Menjadi Tenaga Kerja Di Luar Negeri

Sudah tidak heran lagi jika banyak orang Indonesia yang pergi merantau ke Luar negeri untuk mencari nafkah demi keluarga, ataupun mencari pengalaman, ada juga yang pergi dengan tujuan untuk merubah nasib dan masa depannya.

Tenaga kerja Indonesia biasanya mencari pekerjaan melalui teman, agen resmi ataupun terkadang mereka tanpa sengaja mengikut kepada agen pencari kerja yang tidak resmi.

Ketika ada teman yang pergi merantau dari kampung pergi ke negara lain untuk merubah nasib dalam jangka waktu yang panjang, mereka balik lagi, ada yang berhasil dan ada juga yang mengisahkan cerita pilu di perantauan sana.

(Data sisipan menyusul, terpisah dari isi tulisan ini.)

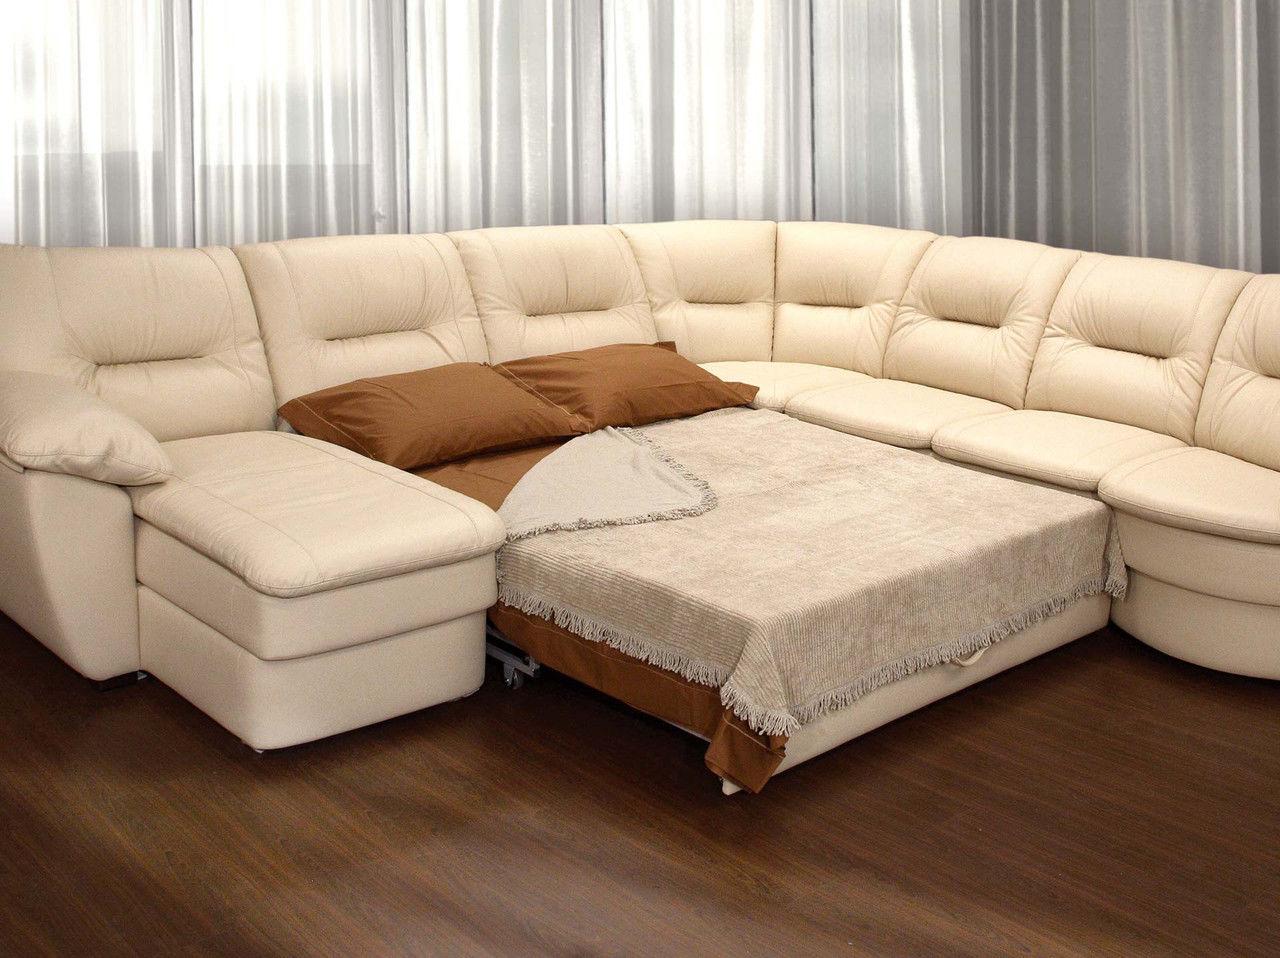 Мягкую мебель угловую

Mereka pergi merantau ke luar negeri biasanya di janjikan dengan gaji yang besar, tetapi disamping itu juga mereka tidak sepenuhnya memperoleh gaji mereka sepenuhnya. Karena adanya pemotongan biaya dan lain-lain. Ada yang berhasil dalam bekerja ada juga yang tidak berhasil, tergantung bagaimana mereka menabung dan tergantung kepada majikan yang mereka dapat,

Ketika mereka bekerja mendapatkan majikan yang bagus maka mereka akan mendapatkan kenaikan gaji dan perlakukan yang bagus pula, ketika nasib buruk menimpa mereka seperti mendapatkan majikan yang kurang bagus, mereka akan mendaptkan perlakukan yang tidak bagus seperti siksaan, maupun gaji yang tidak dibayarkan, semua itu kondisi yang bisa dialami oleh mereka.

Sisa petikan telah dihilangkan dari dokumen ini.